By Jerameel Kevins Owuor Odhiambo

Kenya’s capital markets have emerged as a pivotal arena for merger and acquisition activity in East Africa, with the Nairobi Securities Exchange facilitating transactions worth approximately KES 87 billion in publicly traded company acquisitions between 2020 and 2024. The intersection of M&A transactions and capital markets regulation presents unique challenges in this jurisdiction, where approximately 64 companies are listed on the NSE and market capitalization fluctuates around the $20 billion mark. Unlike private M&A deals that occur outside public scrutiny, transactions involving listed companies trigger a cascade of regulatory obligations under the Capital Markets Authority Act, the Companies Act 2015, and the NSE’s own takeover regulations. The mandatory tender offer requirements, disclosure obligations, and minority shareholder protections create a distinctly different landscape from private equity deals or unlisted company acquisitions.
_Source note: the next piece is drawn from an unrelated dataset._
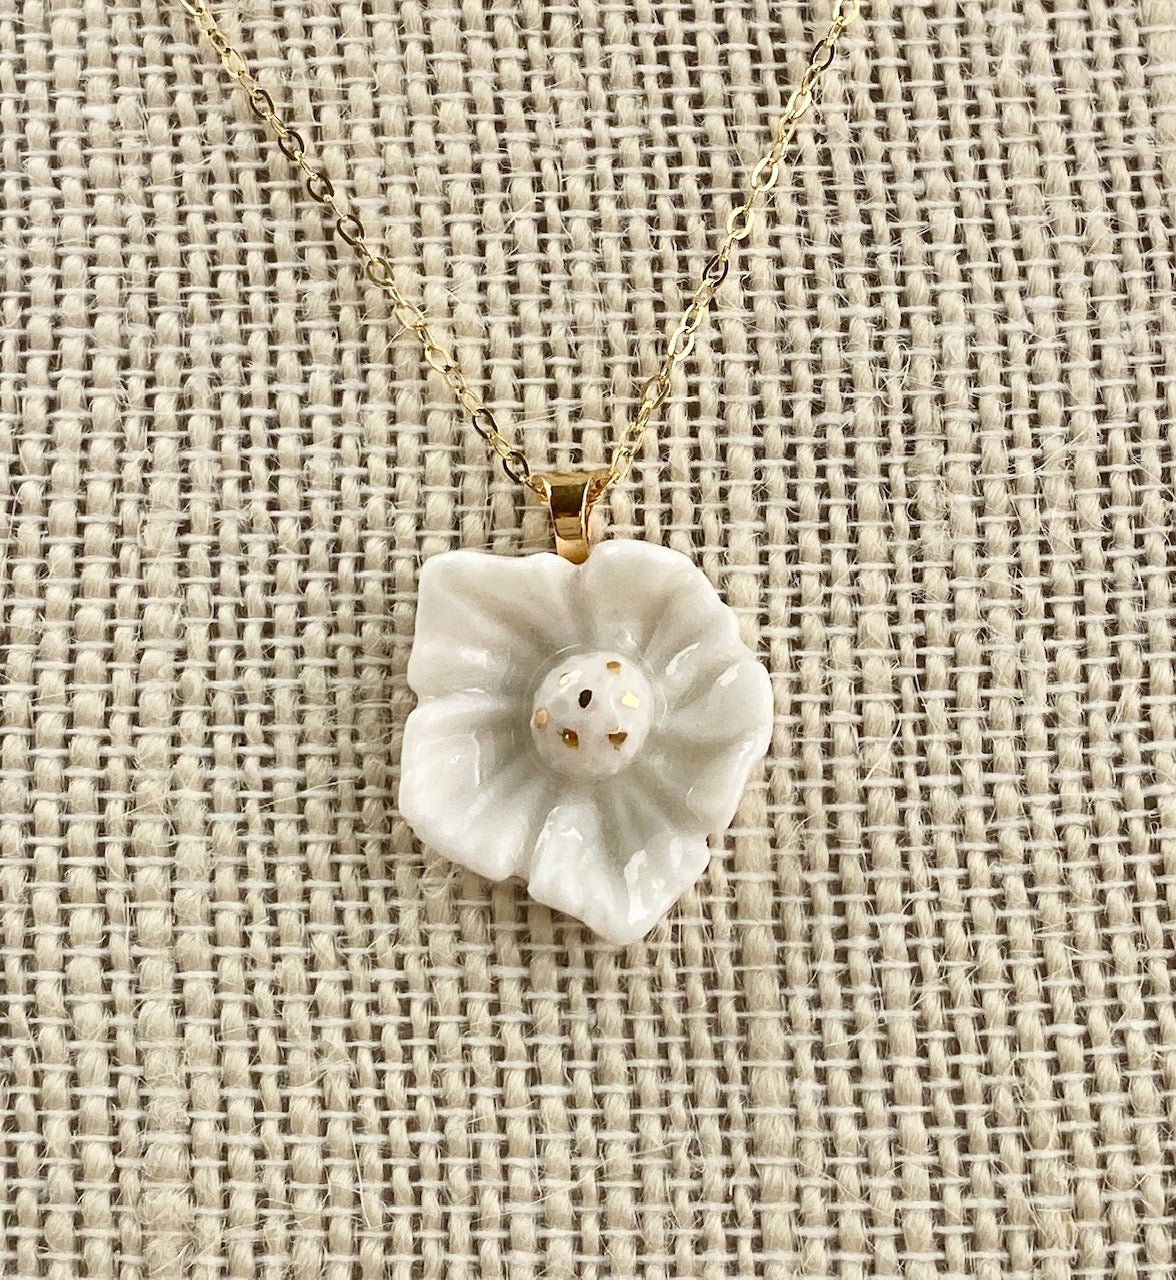 Dogwood flower porcelain necklace.

The mechanics of acquiring a publicly listed Kenyan company require sophisticated navigation of the Capital Markets Authority’s takeover framework, particularly the mandatory offer thresholds that kick in at 25% and 50% shareholding levels. When an acquirer crosses these thresholds, they must extend an unconditional offer to all remaining shareholders at a price not less than the highest price paid in the preceding twelve months. This regulation fundamentally shapes deal structuring in Kenya, as acquirers must carefully calibrate their initial stake purchases to avoid triggering premature mandatory offers before securing debt financing or regulatory approvals. The pricing mechanics become particularly complex when target companies trade at low liquidity or wide bid-ask spreads, common characteristics of smaller NSE-listed firms where daily trading volumes may not exceed a few million shillings. Strategic buyers often work with investment banks to accumulate creeping stakes through carefully timed market purchases, building positions just below the 25% threshold before launching formal takeover bids.

Delisting considerations add another layer of complexity to Kenyan capital markets M&A, as acquirers frequently seek to take public companies private to avoid ongoing listing costs, disclosure burdens, and minority shareholder complications. The NSE and CMA have established voluntary and compulsory delisting procedures, but the practical challenges of achieving the requisite shareholder approvals often extend timelines by six to twelve months beyond initial projections. Voluntary delisting requires approval from 75% of shareholders present and voting at a general meeting, while the acquirer must also satisfy the CMA that minority shareholders have been treated fairly, typically through an independent valuation and exit offer. The thinly traded nature of many NSE listings creates valuation disputes, as minority shareholders often argue that illiquid market prices undervalue the company’s true worth, while acquirers point to the same illiquidity as justification for delisting. These tensions have played out in several high-profile Kenyan delistings where dissenting shareholders successfully challenged initial exit offer prices through CMA appeals.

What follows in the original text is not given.